= AIM OF THE EXERCISE =
For this exercise, return all the data word for word, with images left out.

= DATA SEGMENT =

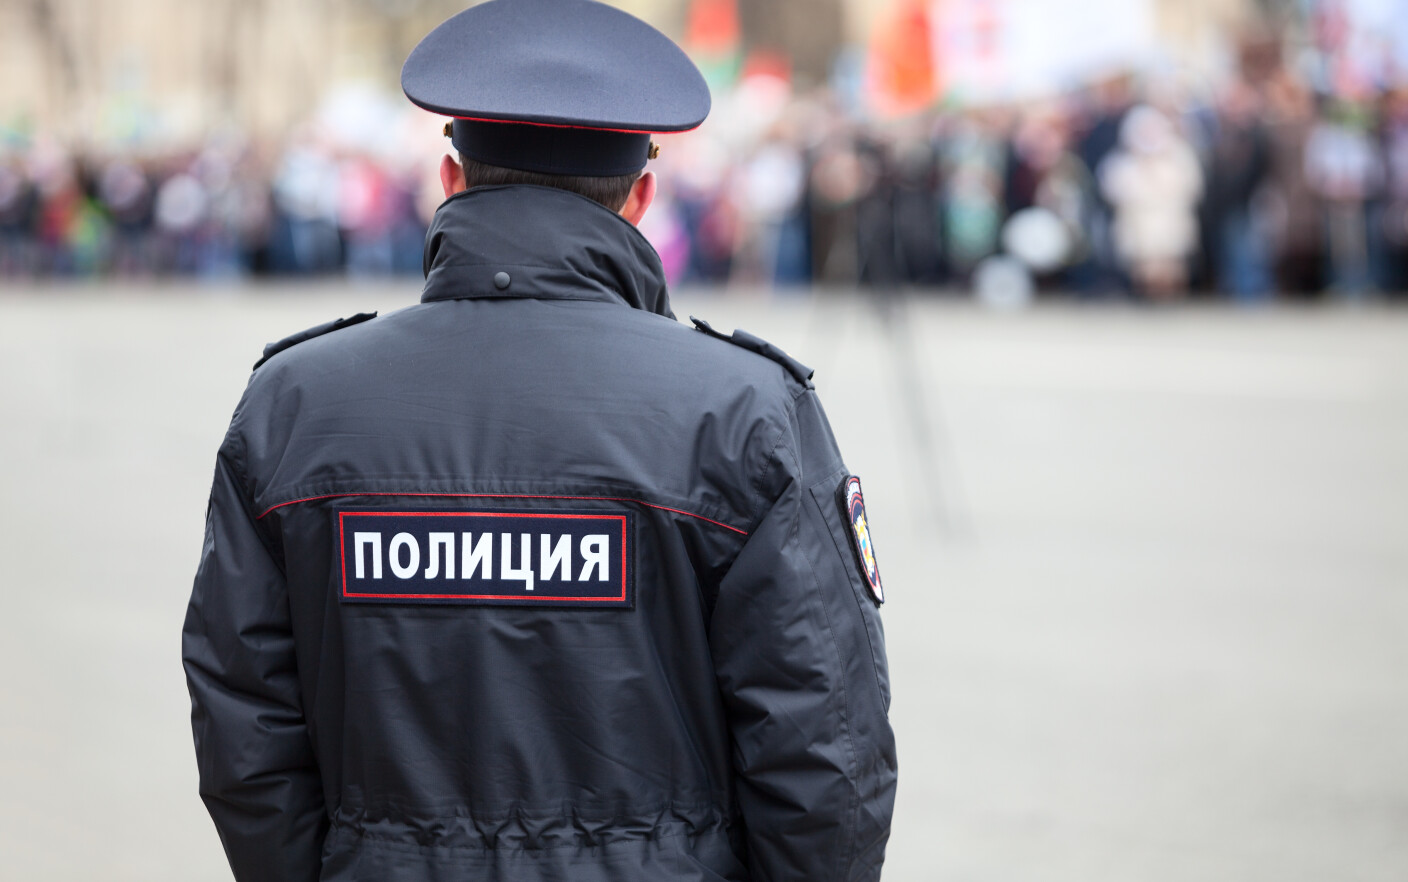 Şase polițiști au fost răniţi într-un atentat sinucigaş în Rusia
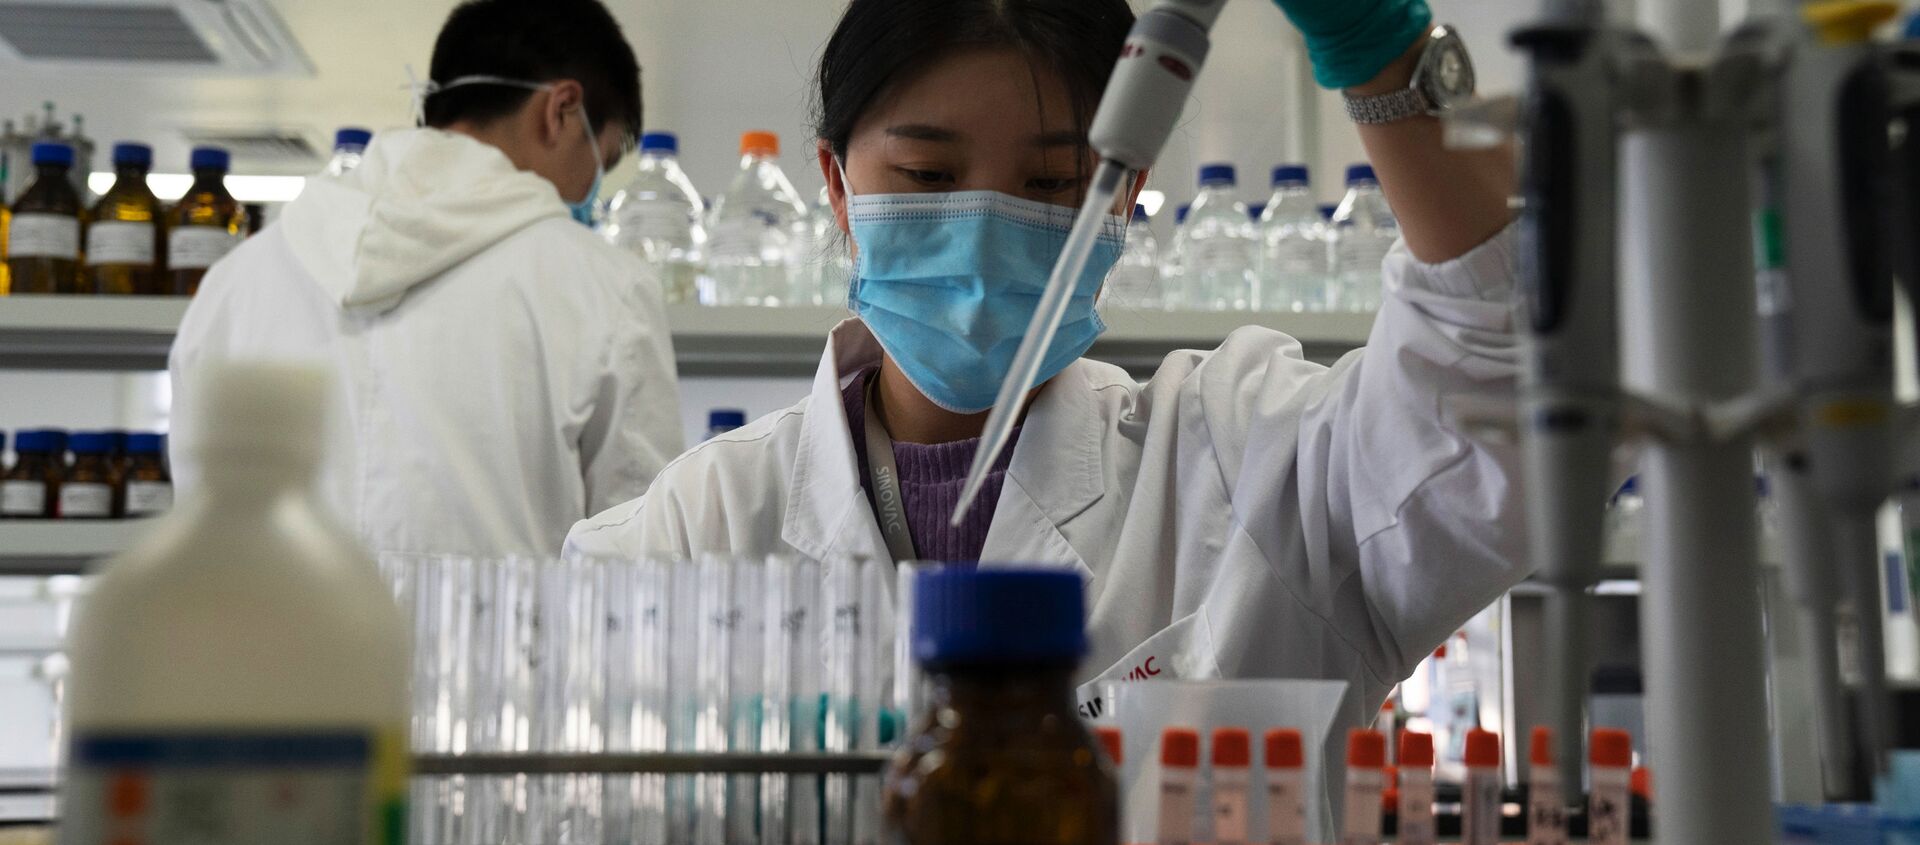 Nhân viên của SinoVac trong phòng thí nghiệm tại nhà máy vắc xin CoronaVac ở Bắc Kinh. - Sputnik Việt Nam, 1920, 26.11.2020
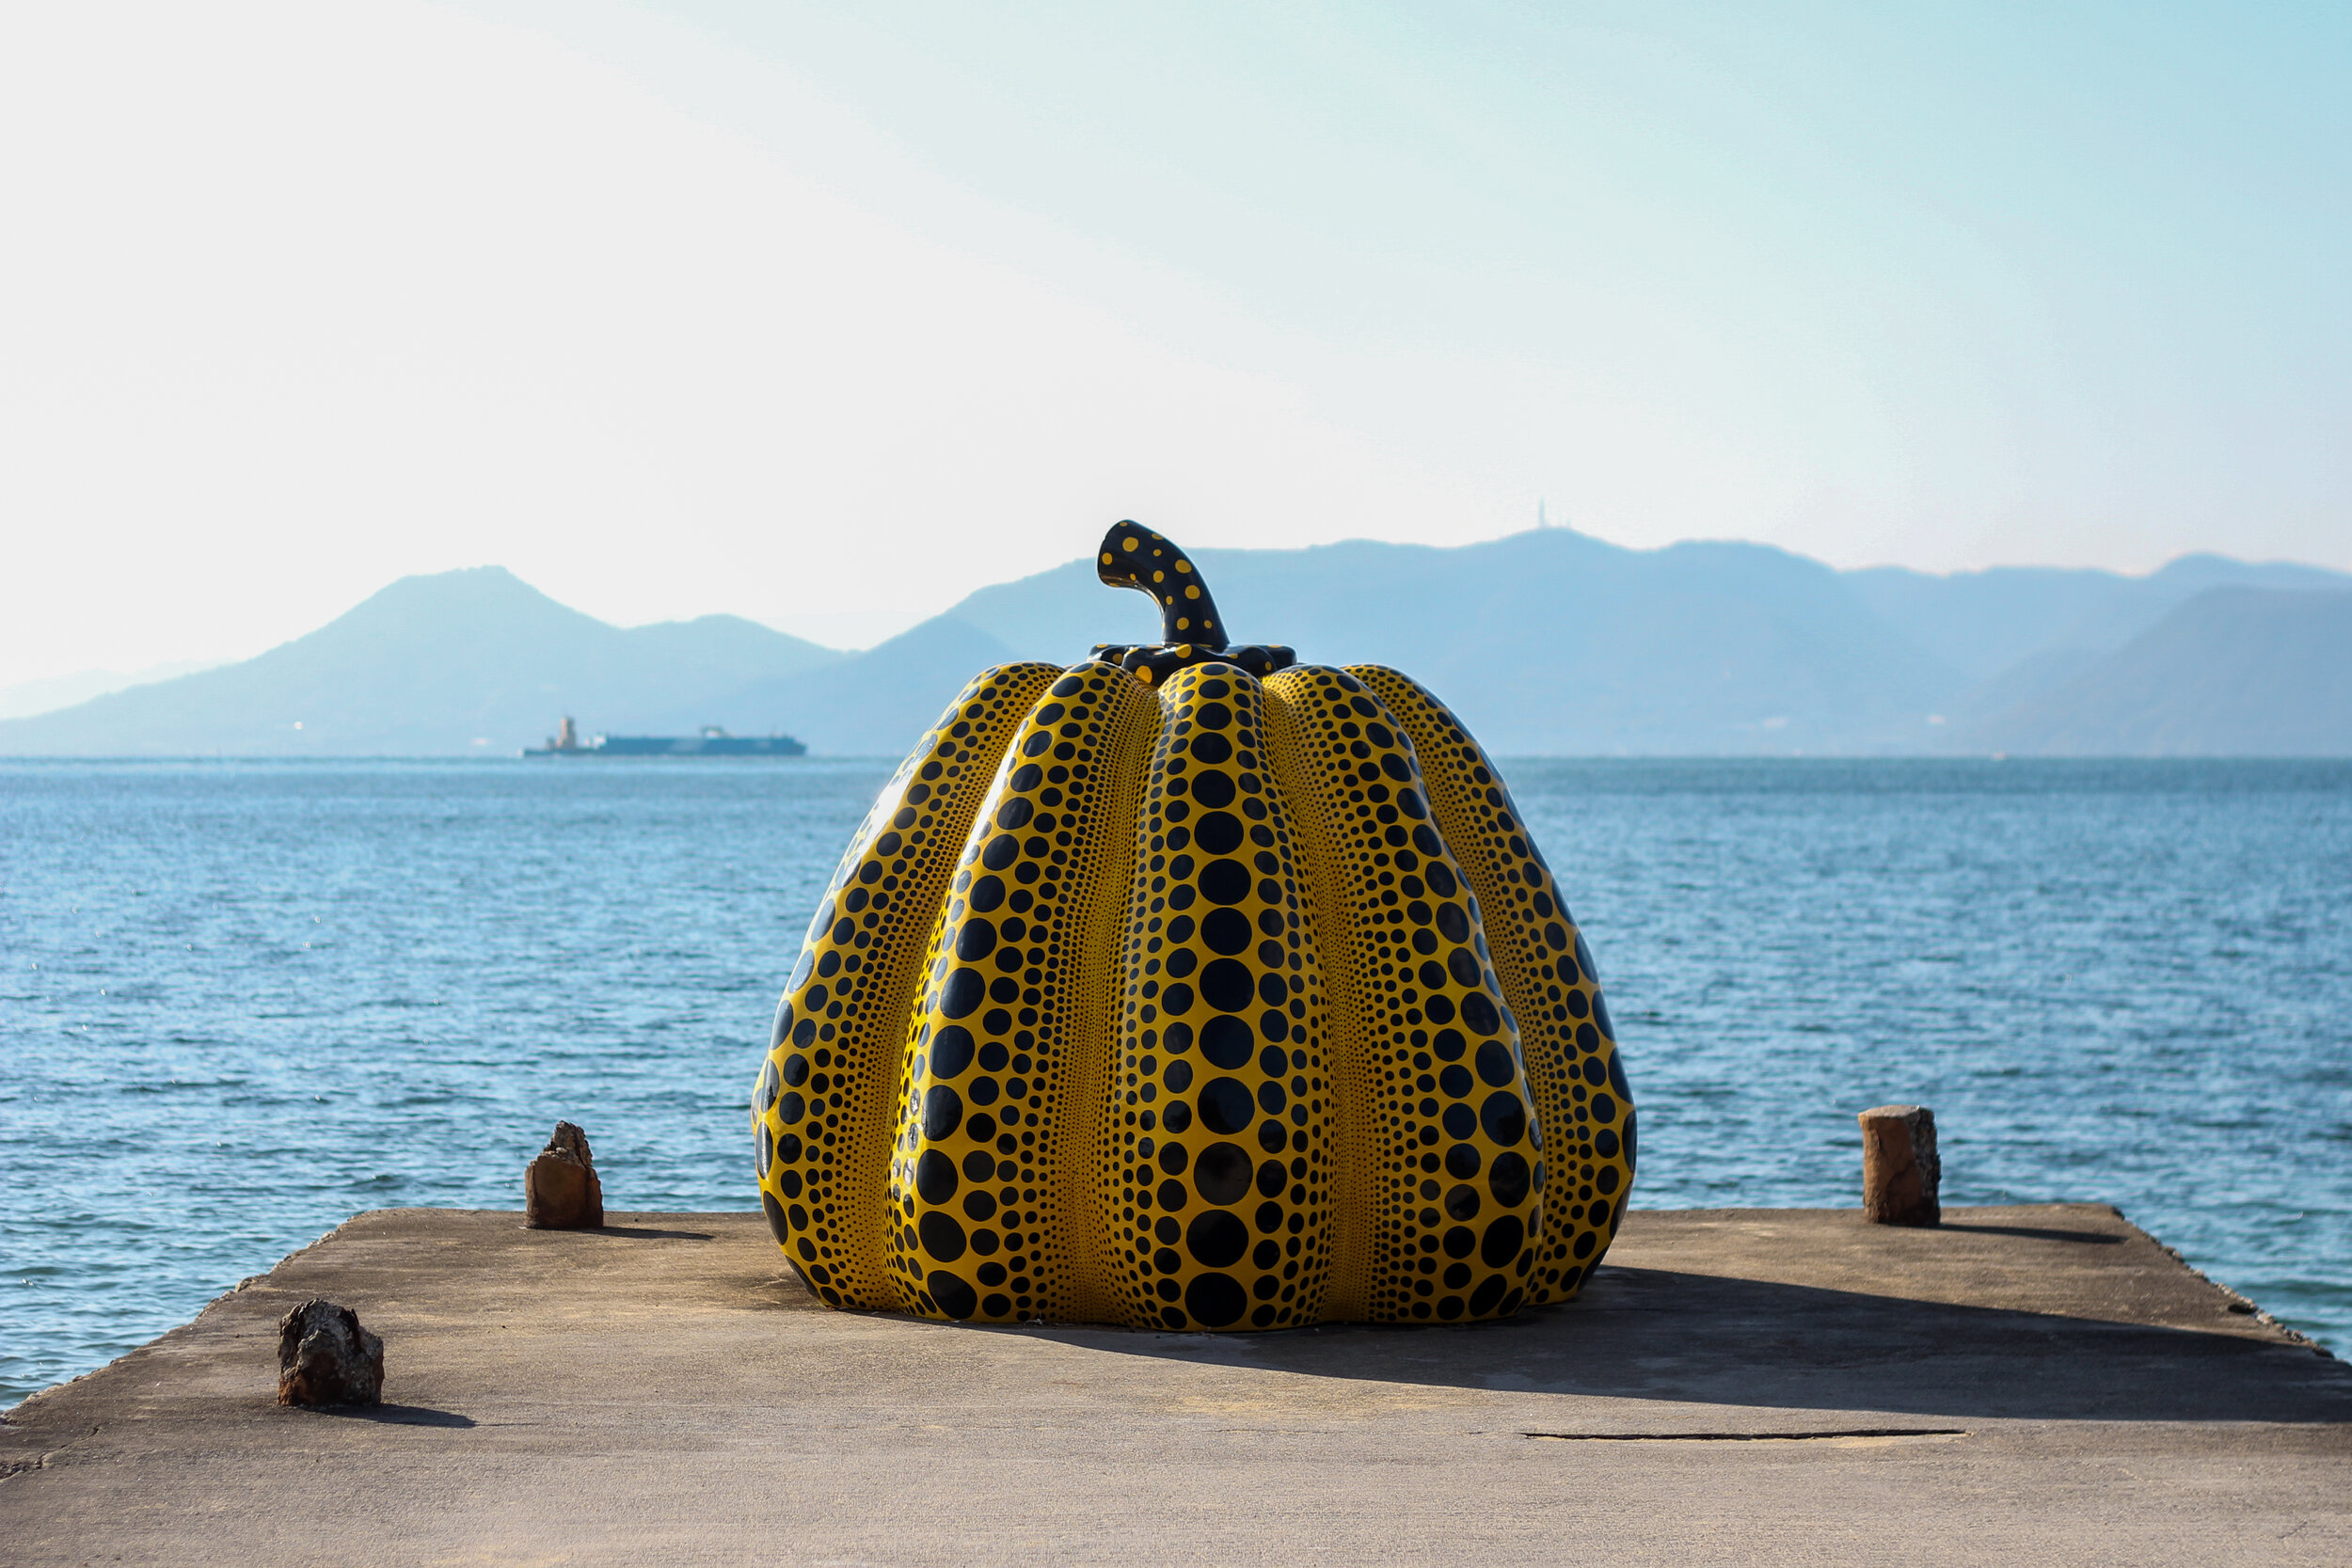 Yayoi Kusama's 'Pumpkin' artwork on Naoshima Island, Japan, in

= WRITTEN REPLY =
 Şase polițiști au fost răniţi într-un atentat sinucigaş în Rusia
 Nhân viên của SinoVac trong phòng thí nghiệm tại nhà máy vắc xin CoronaVac ở Bắc Kinh. - Sputnik Việt Nam, 1920, 26.11.2020
 Yayoi Kusama's 'Pumpkin' artwork on Naoshima Island, Japan, in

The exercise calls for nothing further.